## What the task requires
The listing is to be returned word for word, without its images.

Top of Dataset excerpt

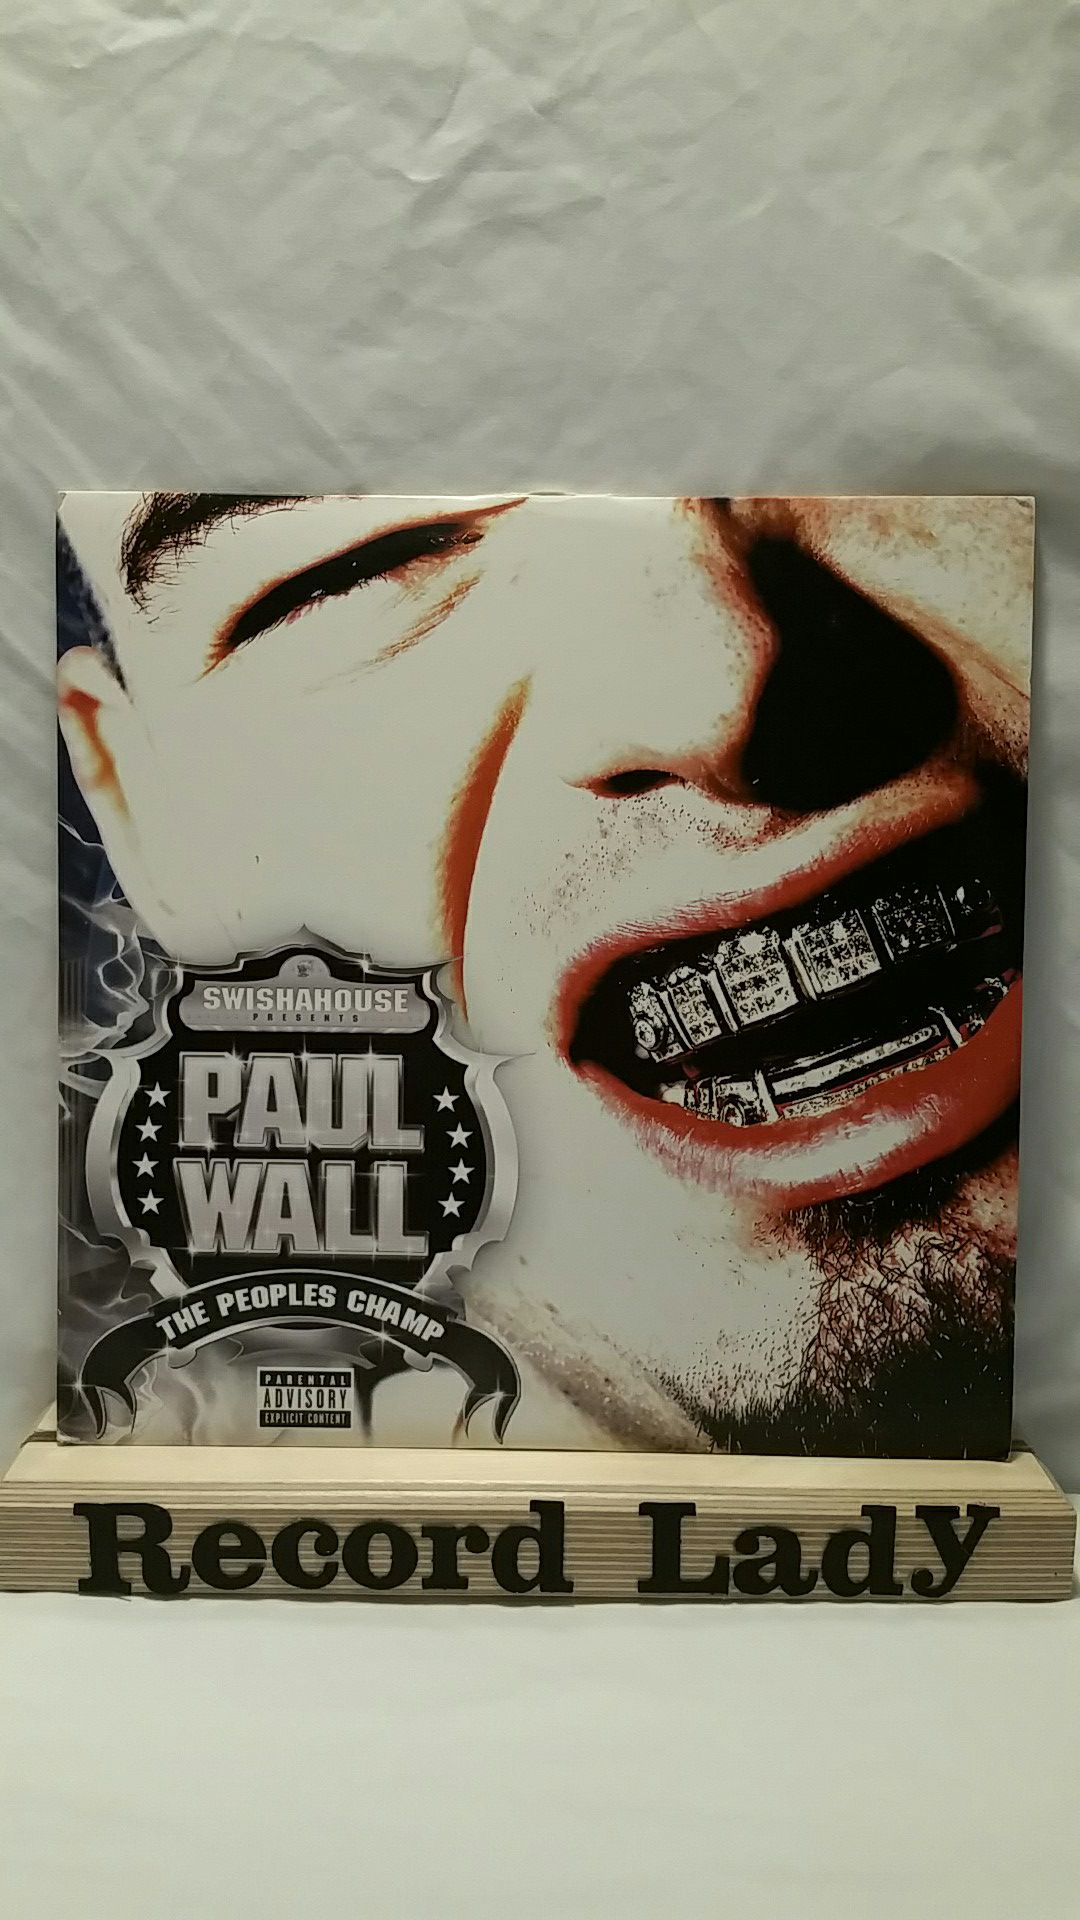 Paul Wall "The People's Champ" 2XLP vinyl records hip-hop / rap
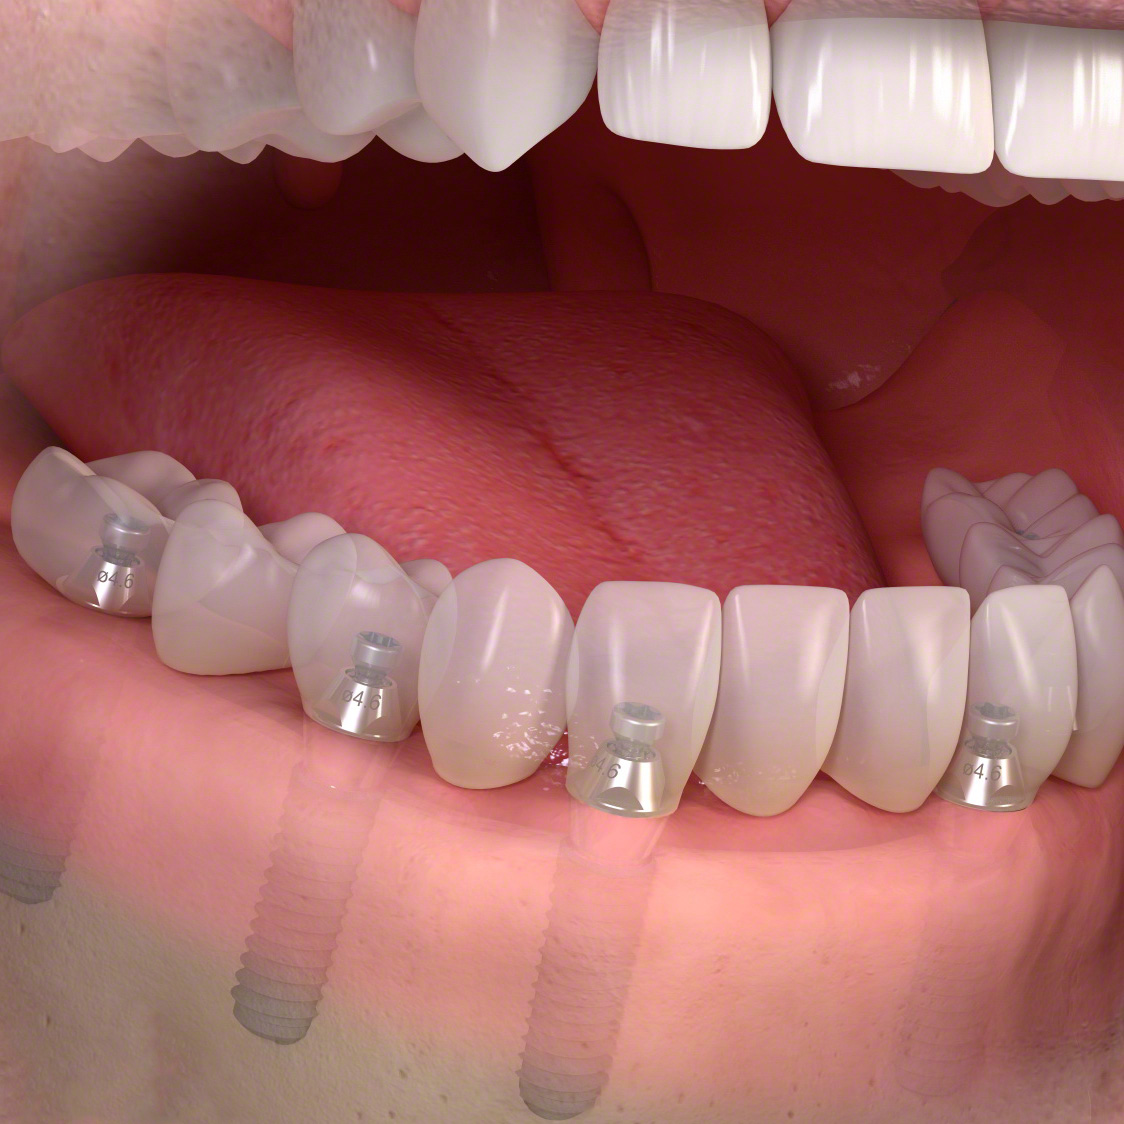 Ersatz aller Zähne mit einer auf mehreren Implantaten verankerten, nicht herausnehmbaren Brücke
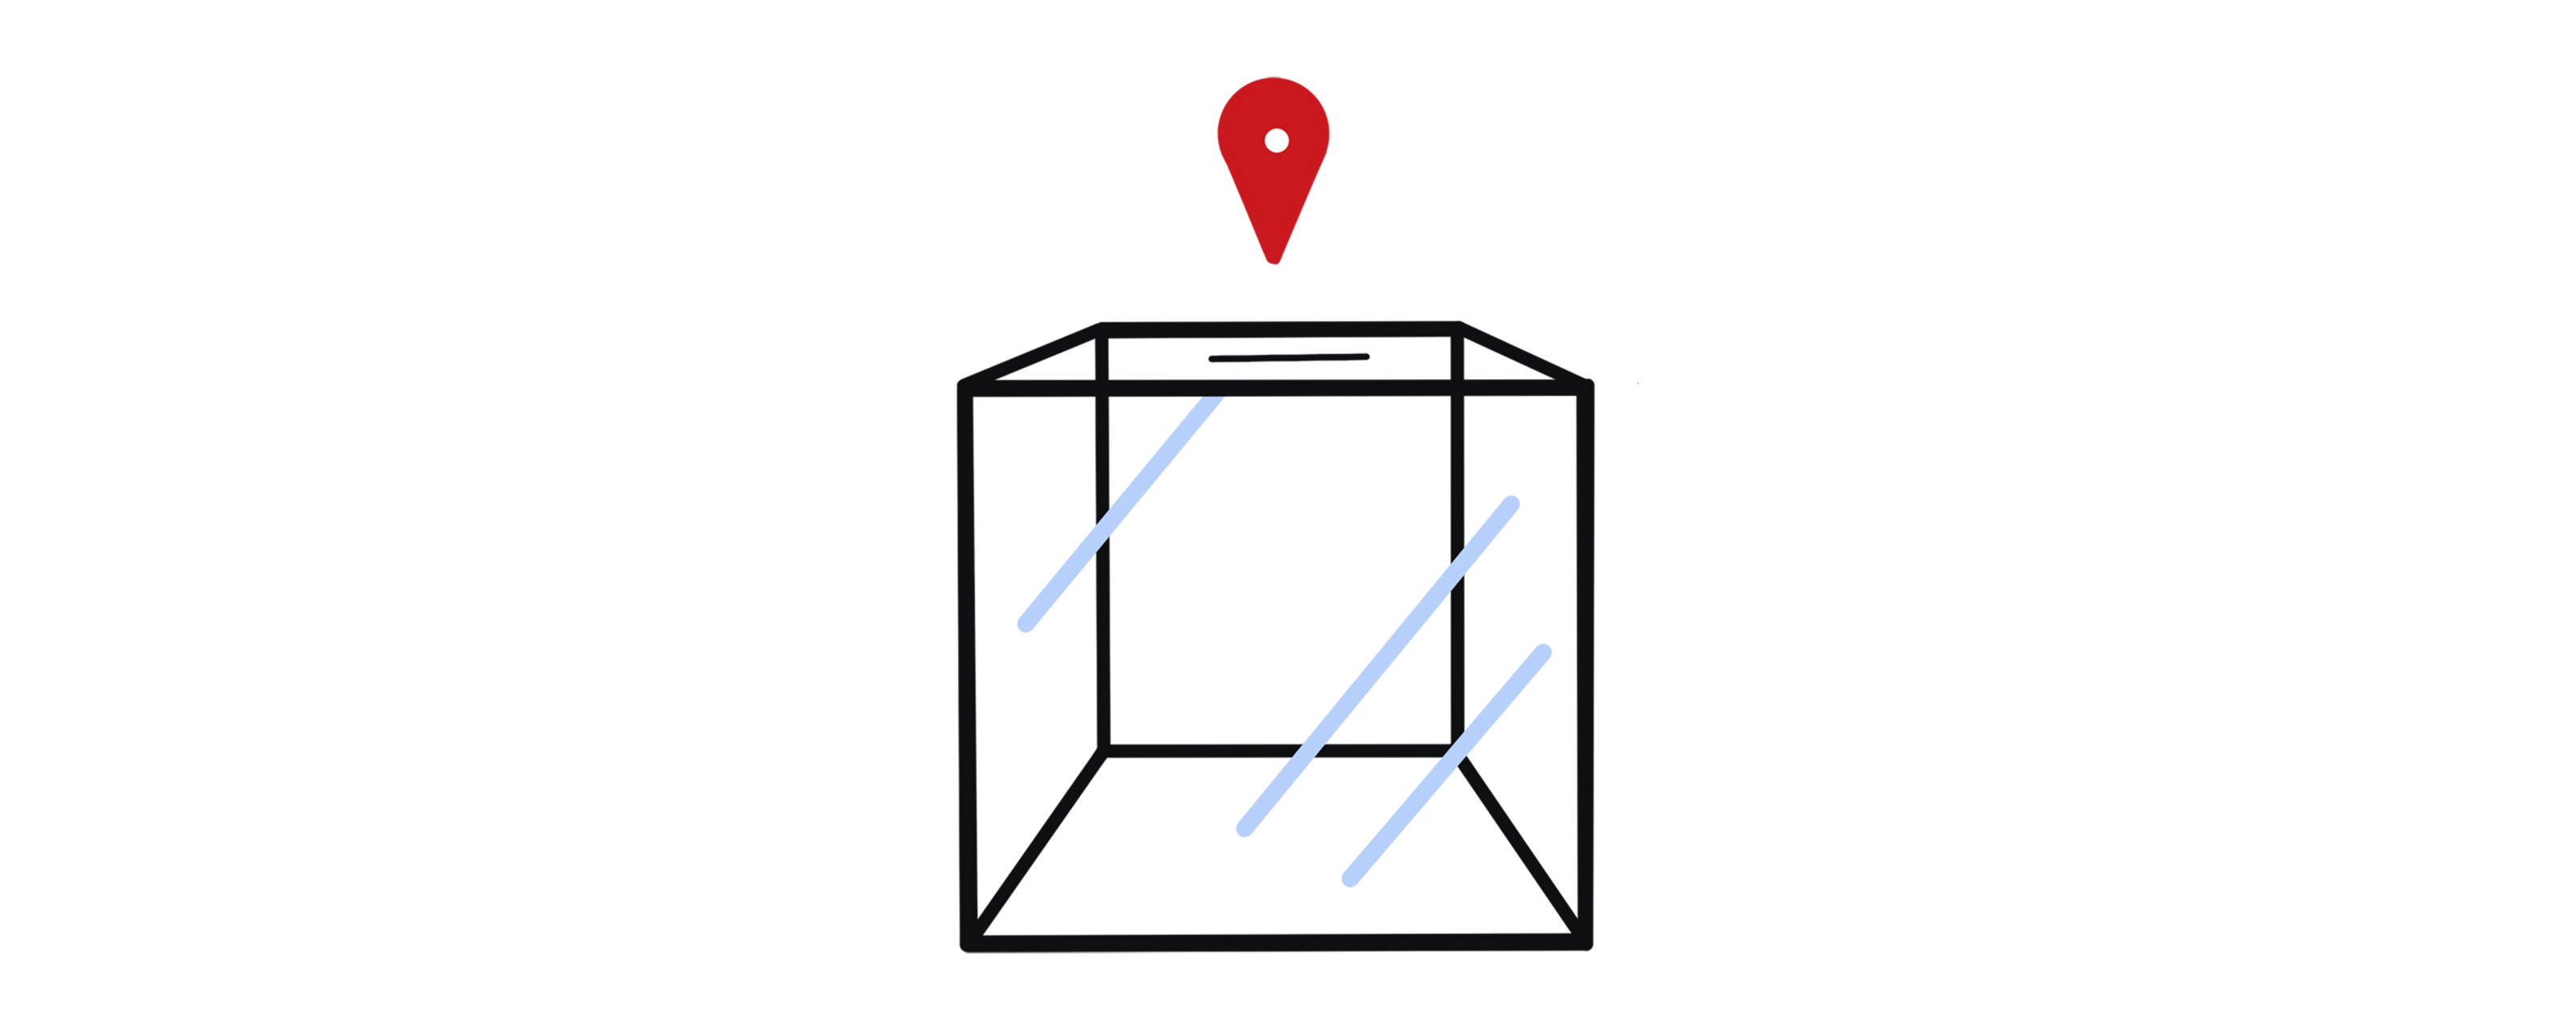 Infographie représentant une urne de vote et un point rouge au-dessus de l'endroit où glisser l'enveloppe

Bottom of Dataset excerpt

## Solved problem
 Paul Wall "The People's Champ" 2XLP vinyl records hip-hop / rap
 Ersatz aller Zähne mit einer auf mehreren Implantaten verankerten, nicht herausnehmbaren Brücke
 Infographie représentant une urne de vote et un point rouge au-dessus de l'endroit où glisser l'enveloppe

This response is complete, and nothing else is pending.